The errors are on a SuperMicro machine and IPMI is not showing hardware errors either. Curious if anyone has other ideas on how else I can go about diagnosing this? I was looking into rasdaemon but wasn’t sure if it’d help or not (seems like I’d need to build it as it didn’t seem available in swupd)

Thank you,
AP

Hi have you reached out to SuperMicro? You say the mcelog is running did you confirm that with ps -aux | grep -i mcelog or actual name of process if not mcelog?

Also check other distribution Ubuntu, Red-Hat etc… This sounds like a big deal that this functionality, is not working for you.

Thanks for the reply! I’ve not yet checked in with SuperMicro, but it’s helpful to know it’s unusual… unfortunately this is a production machine so I can’t easily test other operating systems at the moment.

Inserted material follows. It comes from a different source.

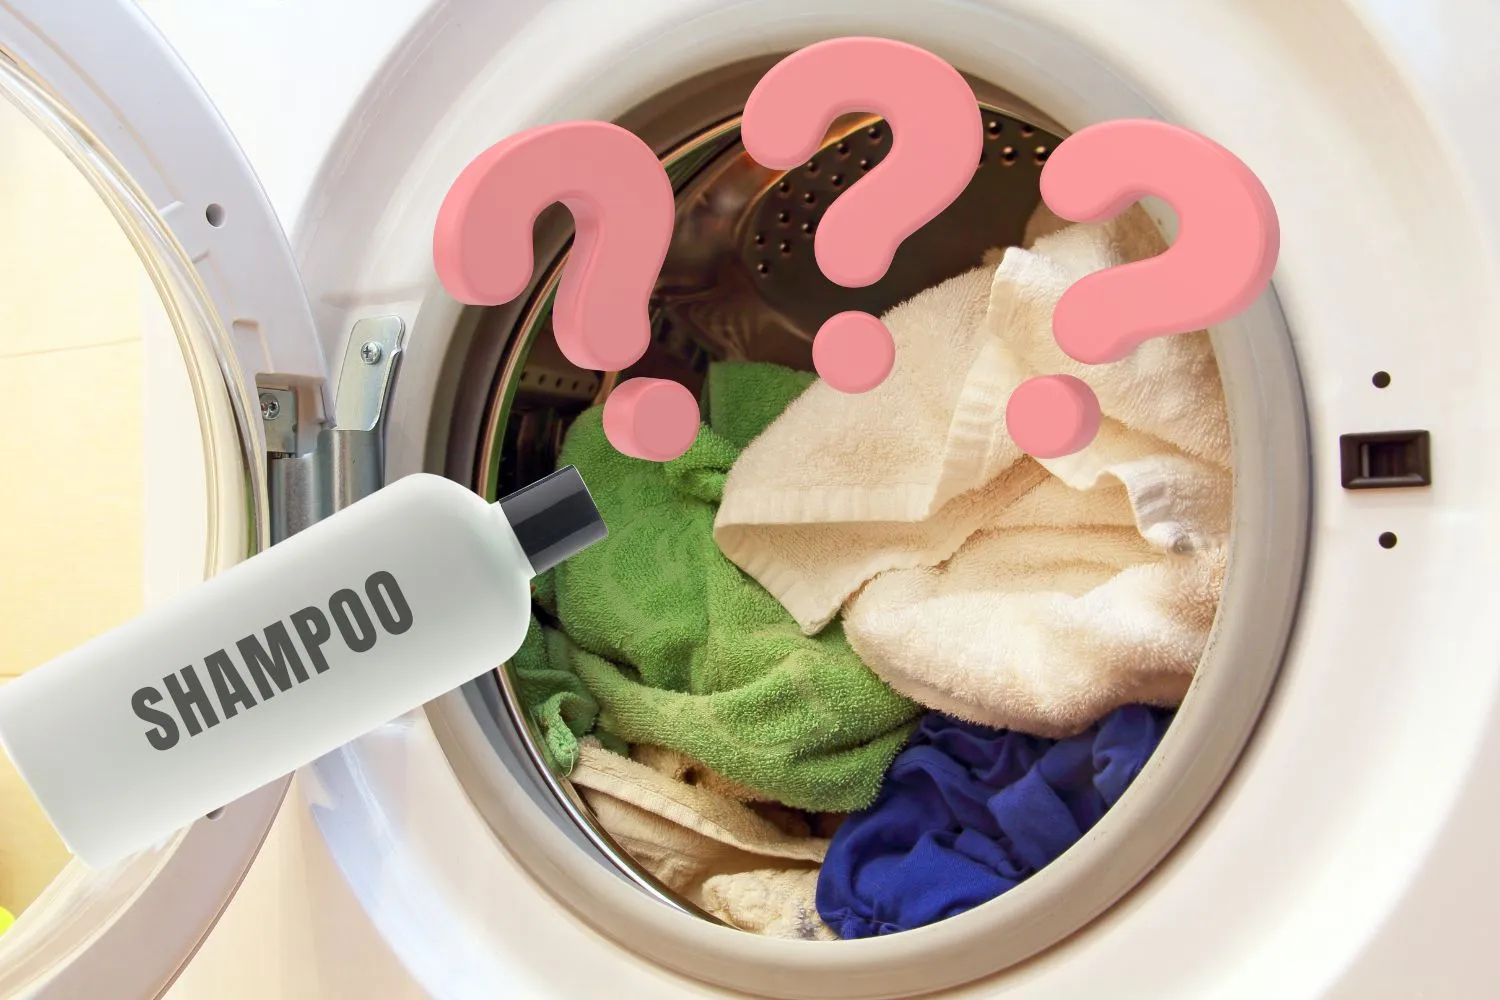 Can I Use Shampoo To Wash Clothes?

I did confirm that mcelog is running:

$ systemctl status mcelog
● mcelog.service - Machine Check Exception Logging Daemon
     Loaded: loaded (/usr/lib/systemd/system/mcelog.service; disabled; preset: disabled)
     Active: active (running) since Sun 2023-07-23 16:53:57 EDT; 23h ago
   Main PID: 2664656 (mcelog)
      Tasks: 1 (limit: 154253)
     Memory: 224.0K
     CGroup: /system.slice/mcelog.service
             └─2664656 /usr/sbin/mcelog --daemon --foreground

Jul 23 16:53:57 x systemd[1]: Started Machine Check Exception Logging Daemon.

$ ps -aux | grep -i mcelog
...
root     2664656  0.0  0.0   2624  1836 ?        Ss   Jul23   0:00 /usr/sbin/mcelog --daemon --foreground

I’ll check in with SuperMicro to see if they have any suggestions and report back.

Thanks,
AP

To close the loop here:

SuperMicro support recommended we first update the BMC and BIOS firmwares, which were out of date. Though upon rebooting the machine to run the new BIOS, it detected a fault in a DIMM and self-healed using PPR (this machine has DDR4 memory). But now that the DIMM is healed, the OS now longer can see any faults.

So good news that we’ve identified the faulty hardware; not-so-good news that we won’t be able to test mcelog again until the next fault :slight_smile:

1 Like

It is good that, mce works in the Clear Linux distribution. The Clear Linux team does not talk much about how Clear Linux performs in server use cases. You are using Clear Linux that says something.

I have an ASUS system with AMD processor running Clear Linux. I have Samba running in a role: “active directory domain controller”. I just have to make sure I test updates on a USB rescue disk
before applying them to my system. Sometimes things go a little sideways. Other than that Clear Linux is great, it does not suffer from “bloatware itis” like some operating systems and other Linux distribution do. I also have a server version running in VMware and that thing boots wicked fast, even
with hardware allocation constrained.

I have an outside interest in SuperMicro (Stock ticker SMCI) Hardware and software Support it’s one of my largest investment positions. I just like getting confirmation that they are more than marketing hype and they really are producing server hardware and providing services that justify the stock price.

Yes we have 3 VM hypervisors running Clear Linux and libvirt / KVM, including some more advanced features like SR-IOV, etc. I think it’s a great hypervisor OS – especially with the stateless design – but for the actual VMs running applications, we rely on Debian (which has a meaningfully wider library of packages via apt). SuperMicro is generally fantastic when it comes to support (when calling, you immediately get a very knowledgeable support person, without having to go through your entire life story before they begin helping you)

I realized today those two other SuperMicro machines are running the exact same version of Clear Linux (by design, but I forgot :slight_smile: ), and that even without memory faults – mcelog still returns “something”. E.g.,:

$ mcelog --client
Memory errors
SOCKET 0 CHANNEL 0 DIMM 0
DMI_NAME "DIMMA1" DMI_LOCATION "P0_Node0_Channel0_Dimm0"
corrected memory errors:
        0 total
uncorrected memory errors:
        0 total

The hardware differs between all three machine, so it’s interesting that mcelog is returning ‘nothing’ only on one of the machines. I just followed upon the ticket with SuperMicro to see if they have any other ideas.